Saturday, December 29, 2007

Don't Involve Yourself

I loathe and detest DIY. And owning a new house which needs work has help me pinpoint some reasons why: it's primarily the differences between DIY and software development that make it so frustrating for me.


1. Inaccuracy

When writing a piece of code, I can make it unfailingly correct and absolutely precise. When complete it's a thing of beauty which perfectly fits the task for which it was intended, smoothly sliding into the software without touching any sides.

When I try to mark a straight, horizontal line on a wall, measure and mark off some screw points and drill them out, it just seems impossible to achieve anything close to precision.

For one thing, in our house, the walls aren't even perfectly straight (it's an old house). Then there's the process of marking things with a pencil (whose lead has a thickness and which must run alongside a rule - both sources of inaccuracy). Then there's the drilling itself - trying to hold a heavy vibrating machine completely still while it both hammers and twists itself around isn't easy, especially working off a ladder. And then there's the structural integrity of the wall - being composed of a combination of soft and hard material at unpredictable points so that the drill will move very rapidly through the soft before striking something hard which causes it to jolt off course.

All of these factors conspire to result in drilling holes which:
a) don't go straight into the wall, which makes putting the screws in difficult.
b) aren't in the right place, which makes putting the screws in impossible.



2. Lack of Undo or Source Control

When coding, if I do something wrong, I hit Ctrl-Z to undo.
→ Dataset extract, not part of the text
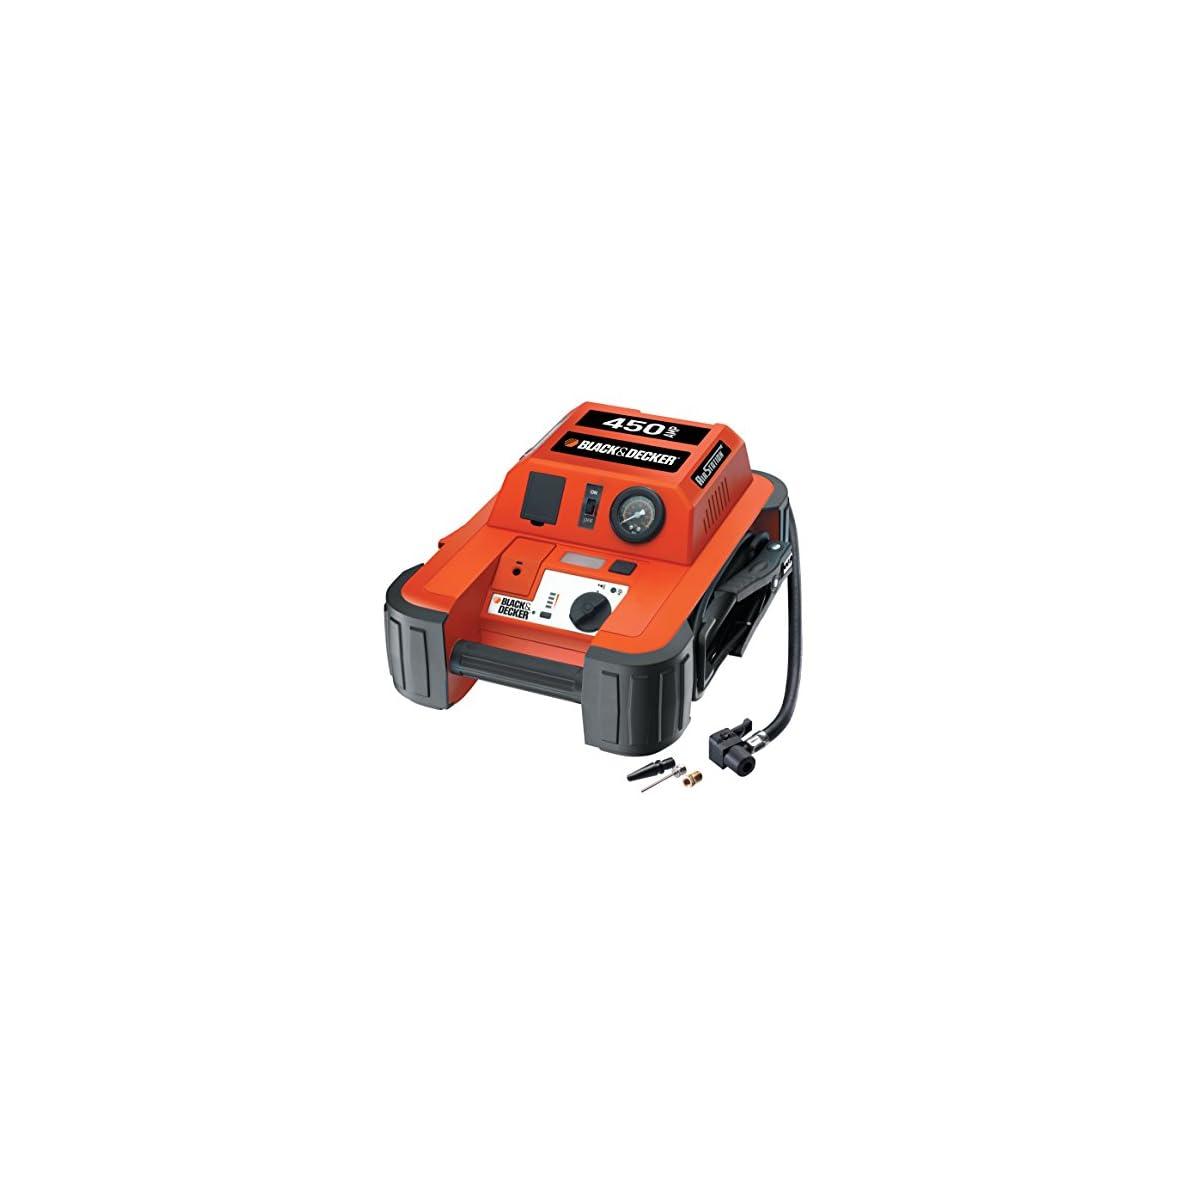 51uo8s6DFhL. SS1200  - Black & Decker BDJS4501 450A Arrancador portátil de baterías con Compressor de 120 PSI, Color Naranja/Negro

And because I always set my undo buffer size to something enormous, I can successively undo changes a long way back. If I want to retrieve an earlier version of some code, I can usually go and find it in Source Control.

When I drill a hole (or worse, a series of them!) in the wrong place, there's no recourse to any such convenience. Moving a curtain pole means unscrewing it from the wall and starting over. And hopefully it's being moved up and not down, because otherwise the result is unsightly rawlplug holes who staring at you accusingly from above the pole. The only thing to do then is pray that you're planning on decorating soon (my advice for new homeowners: drill and screw and install every single thing you're every going to need, and only then decorate the entire place).



3. How long everything takes

Now I've been doing it for a while, I can make software happen pretty fast. Modern IDEs and SDKs are well-streamlined, and knowledge of where to find your tools allows solutions to come together with relative ease.

Doing even simple DIY tasks seems to take me ages. And I'm not even talking about the extra time to minimise the inaccuracy (which in my case is considerable). I just mean locating the right tools, putting them in the right place, and swapping between them as required.

In fairness, what I have in software development is the equivalent of a work-shop, with all my tools arranged tidily where I can find them and with plenty of space to do things. But (also in fairness) a real-life work-shop wouldn't be a lot of use in a number of the DIY tasks around the house, where tools need to be brought into the field. The worst is drilling and screwing up a ladder on your own, where you have to come up and down the ladder to exchange tools.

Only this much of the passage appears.